Шрифт:
Интервал:
Закладка:
Ирвин делал ставку еще и на то, что комиссия не была единственной в колонии. Наряду с ней должен был функционировать индийский комитет сэра Санкарана Нэра, состоящий из представителей Государственного совета Индии. Была и другая великодушная уступка: индийским экспертам также доверялось давать консультации назначенной комиссии, правда, без права голоса в решающем отчете.

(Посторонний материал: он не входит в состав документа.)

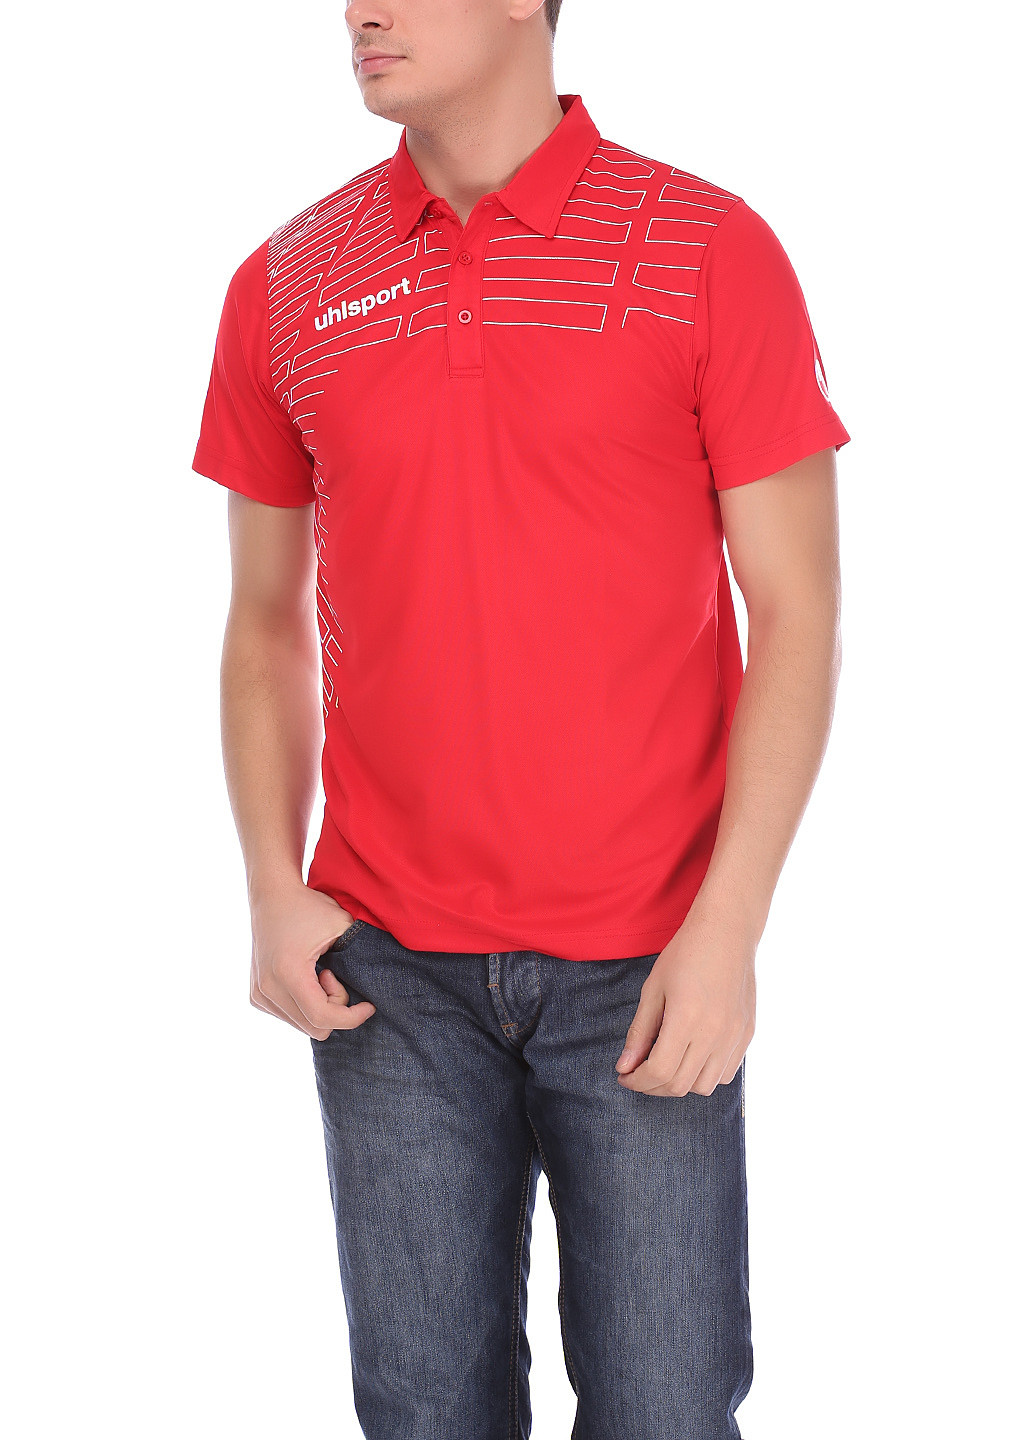 Красная футболка-поло для мужчин Uhlsport однотонная
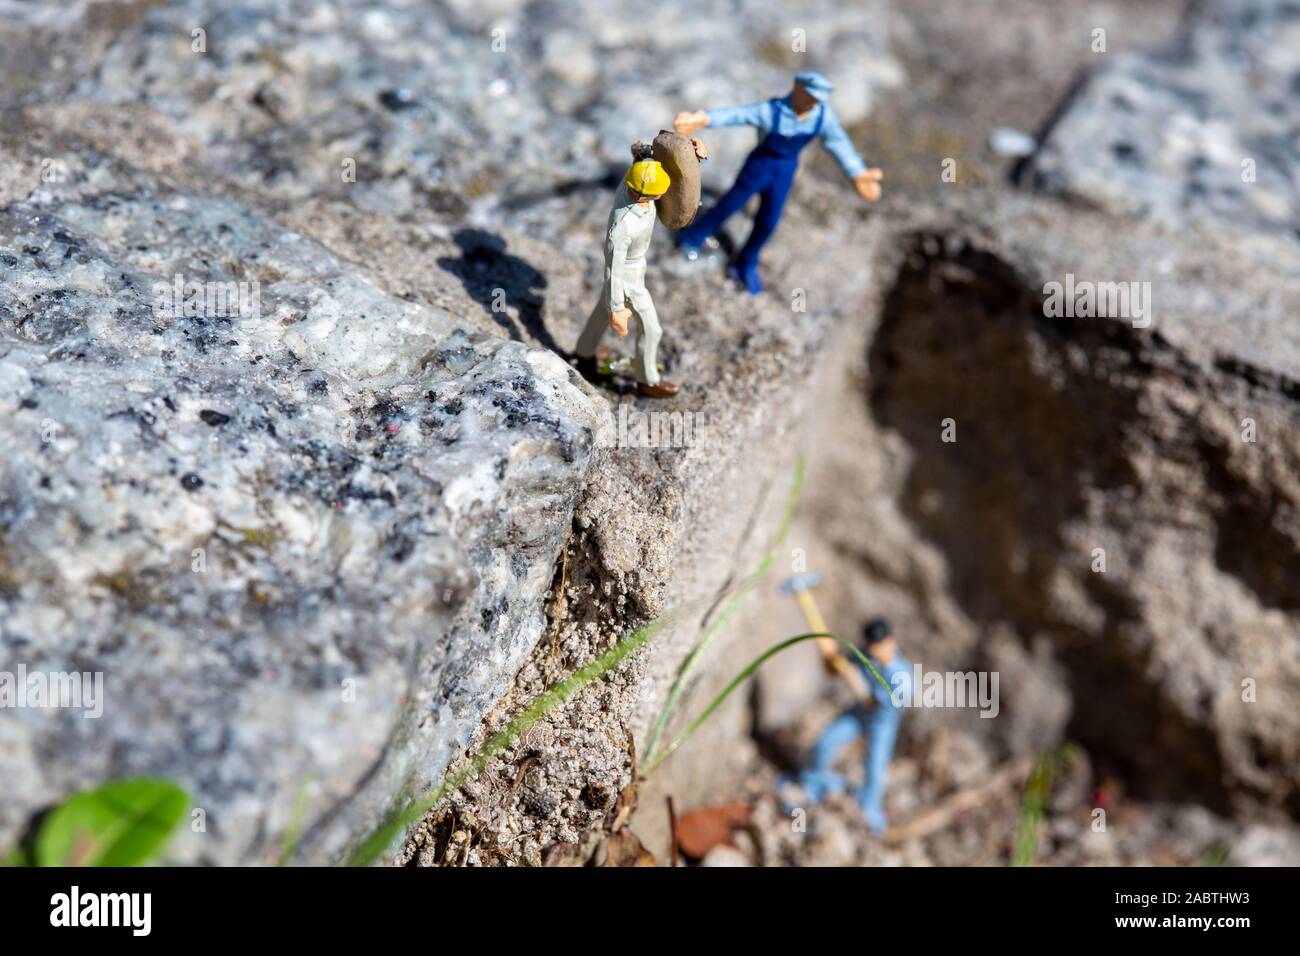 Lavoratore in miniatura con un martello che lavora in una cava, mentre un istruttore che dà ordini e altri lavoratori sono vicini Foto Stock

Не без оснований вице-король Ирвин был убежден, что Индия просто не готова к тому, чтобы перейти на рельсы самоуправления. Раз за разом он подчеркивал это в своих выступлениях, напоминая о религиозной вражде, внутренних раздорах и намекая на то, что покуда коренное население будет демонстрировать такое поведение, то решать его судьбу будут куда более благоразумные белые господа: «С апреля по июль в прошлом году Калькутта, казалось, находилась под эгидой некоторого злого духа, который так захватил умы людей, что в их безумии они считали себя освобожденными от самых священных ограничений человеческого поведения. Честные граждане уехали за границу, спасая свои жизни от фанатического нападения, но паралич, который настиг коммерческую жизнь большой столицы, был менее серьезен, чем гражданские потери, следовавшие за голым и бессовестным нарушением закона, который по необходимости должен быть подтвержден методами решительными и серьезными. С тех пор мы видели те же самые зловещие влияния в Патне, Равалпинди и многих других местах, были вынуждены наблюдать эту пропасть высвободившихся человеческих страстей, которая слишком часто глубже наносных привычек и закона. Ничто полезное не может цвести во вредной почве, никто не может построить дом, чтобы противостоять ветру, дождю и шторму жизни на гнилом и необоснованном фундаменте»208.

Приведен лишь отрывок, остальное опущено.